New Malware Framework, Avalon, Exposed: A Threat to Cybersecurity
A recently identified malware framework, dubbed Avalon, represents a significant development in the landscape of cyber threats. This framework employs a deceptive tactic involving a spoofed legal document to entice potential victims, packaging its malicious payload within a multi-stage, fileless chain. At the heart of Avalon is a ransomware component referred to as CrownX.
Avalon’s emergence illustrates a concerning trend in cybersecurity: the consolidation of diverse offensive capabilities into a single, more potent framework. This integration not only streamlines the malware’s operations but also underscores how advancements in development practices, possibly aided by artificial intelligence, are enabling cybercriminals to deploy increasingly sophisticated toolsets with relative ease.

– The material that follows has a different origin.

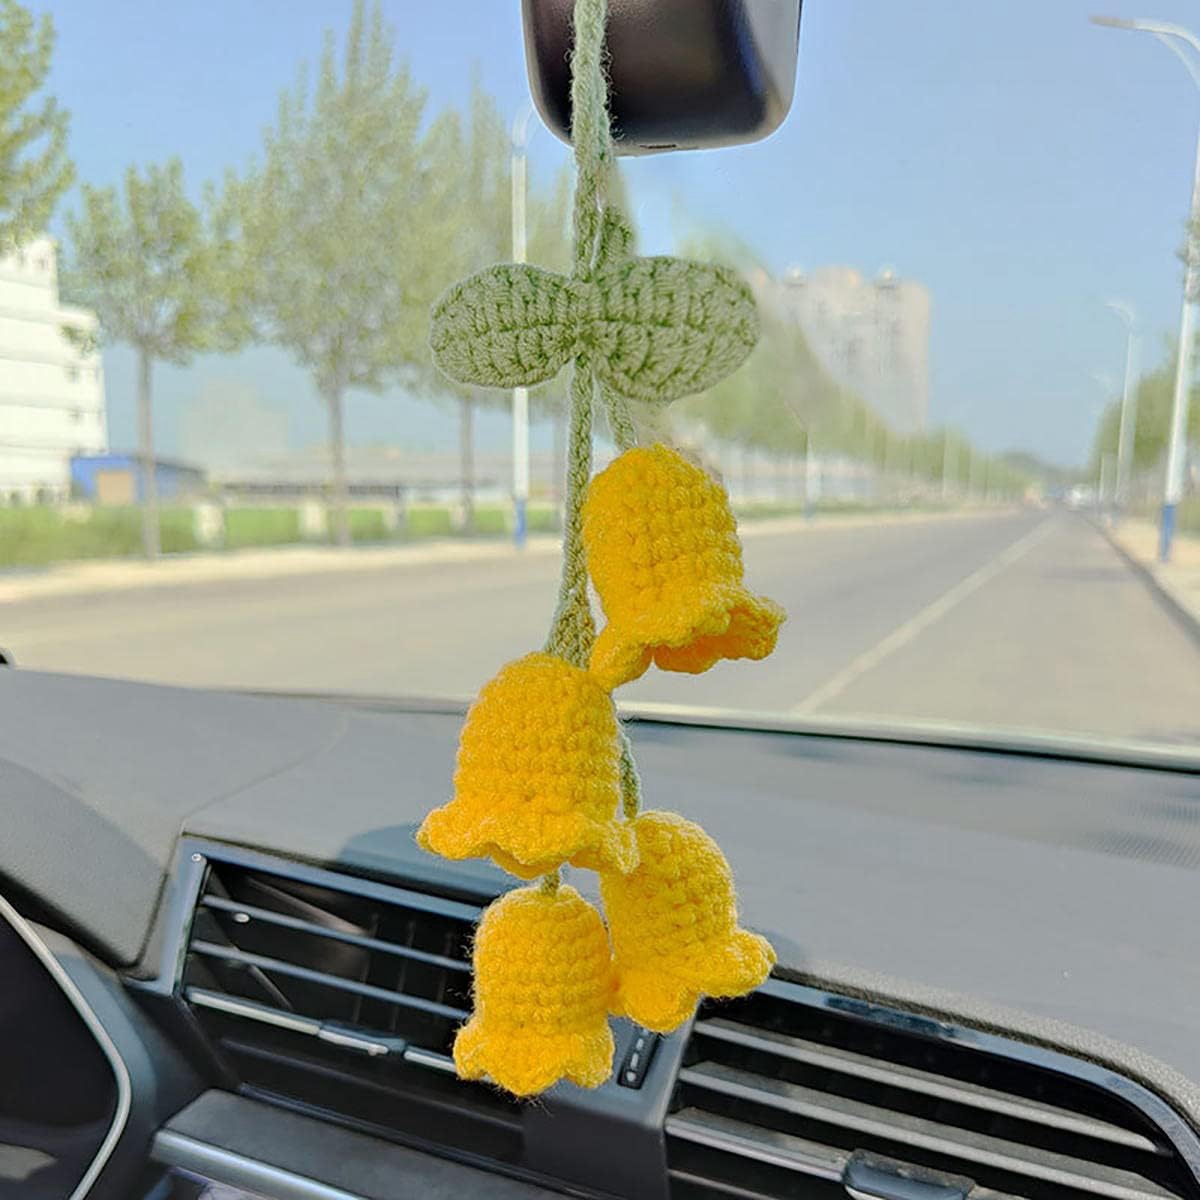 QKHEE Car Mirror Hanging Accessories Cute Car Accessories for Women Interior Six Color Bellflower Hand Knitted Car Rear View Mirror Decor Crochet

One of the framework’s notable features is its strategy to obfuscate the malware from detection. By hosting the payload externally, the attackers effectively minimized opportunities for email inspection by mail gateways. Victims received a convincingly themed email that directed them to a password-protected archive stored on Proton Drive, diverting attention from the actual malware. The archive contained an ISO image that, once mounted, displayed a shortcut mimicking a legitimate document along with a fake "Mimecast Secure File Logs" folder. This deliberate design reinforced the illusion of a secure document while the real threat lay hidden in an MSBuild project file disguised with a .tmp extension.
The sophistication of Avalon extends beyond its deceptive appearance. The malware utilizes a robust in-memory loader that incorporates multiple telemetry-evasion techniques. It effectively resolves and patches ETW (Event Tracing for Windows) entry points and manipulates AMSI (Antimalware Scan Interface) flows to ensure that security products either report false success or are completely bypassed.
The managed downloader included within Avalon exhibits advanced functionality as well. It employs a permissive certificate callback along with a browser-like User-Agent and custom request headers to pull down an encrypted remote payload. To enhance its evasiveness, the response is subjected to HMAC-SHA256-based keyed validation and requires an offset-driven keystream for decryption, making it resistant to passive analysis.
Upon execution, the loader manually maps the decrypted payload into the process memory, effectively resolving imports, applying relocations, and registering exception tables. This intricate process ensures that the final native binary operates without creating a new process or residual files on disk, thereby complicating forensic investigation efforts.
The mechanics of Avalon also allow it to act as a comprehensive orchestration framework, consolidating various functionalities including credential harvesting, persistence, lateral movement, anti-forensics, recovery disruption, and extortion into one integrated package. Specifically, Avalon’s operations include a stealthy harvesting of browser data—which encompasses credentials stored in Chromium and Firefox, crypto wallets, messaging tokens, VPN, SSH keys, and Windows credential material via DPAPI calls.
Further enhancing its capability to wreak havoc, Avalon employs operational methods that target backup infrastructures such as Veeam, Acronis, and even Hyper-V. The ransomware component, CrownX, displays an alarming mix of resilience and destructive potential. It implements strong cryptographic measures using Windows CNG and AES-GCM and utilizes file mapping for swift bulk encryption, all while supporting transactional file operations that allow modification of files on the go.
In terms of recovery neutralization, CrownX takes aggressive measures to hinder restoration efforts by stopping and deleting VSS snapshots and corrupting recovery artifacts. This strategy is bolstered by a comprehensive anti-forensics subsystem designed to obliterate evidence from visibility.
The operational significance of Avalon lies not only in its integration of various malicious capabilities but also in its accessibility, allowing even less experienced threat actors to orchestrate devastating campaigns. The framework’s evolution seems to reflect a rapid assembly process, likely facilitated by advanced assisting tools, leading to an urgent need for robust cybersecurity measures and greater awareness among potential targets.
Indicators of Compromise (IoCs)
Identifying and mitigating threats posed by Avalon requires vigilance and understanding of specific indicators of compromise. Examples include:
- ISO Image:
Secure_Document_CA-283505_pdf.iso– Containing the fake PDF shortcut and MSBuild project. - Shortcut:
Secure Document CA-283505.pdf.lnk– Launchedcmd.exe, cloaked under a Microsoft Edge icon. - MSBuild Project:
Mimecast Secure File Logs\zfighv.tmp– A malicious XML project from the ISO. - Staging Domain:
helloxcherry[.]com– The remote domain contacted by the managed loader.
By maintaining awareness of these identifiers and enhancing security measures, organizations can strive to safeguard their networks from the growing threat of frameworks like Avalon. As cybercriminals continue to innovate and evolve, proactive responses will be crucial in combatting these sophisticated threats.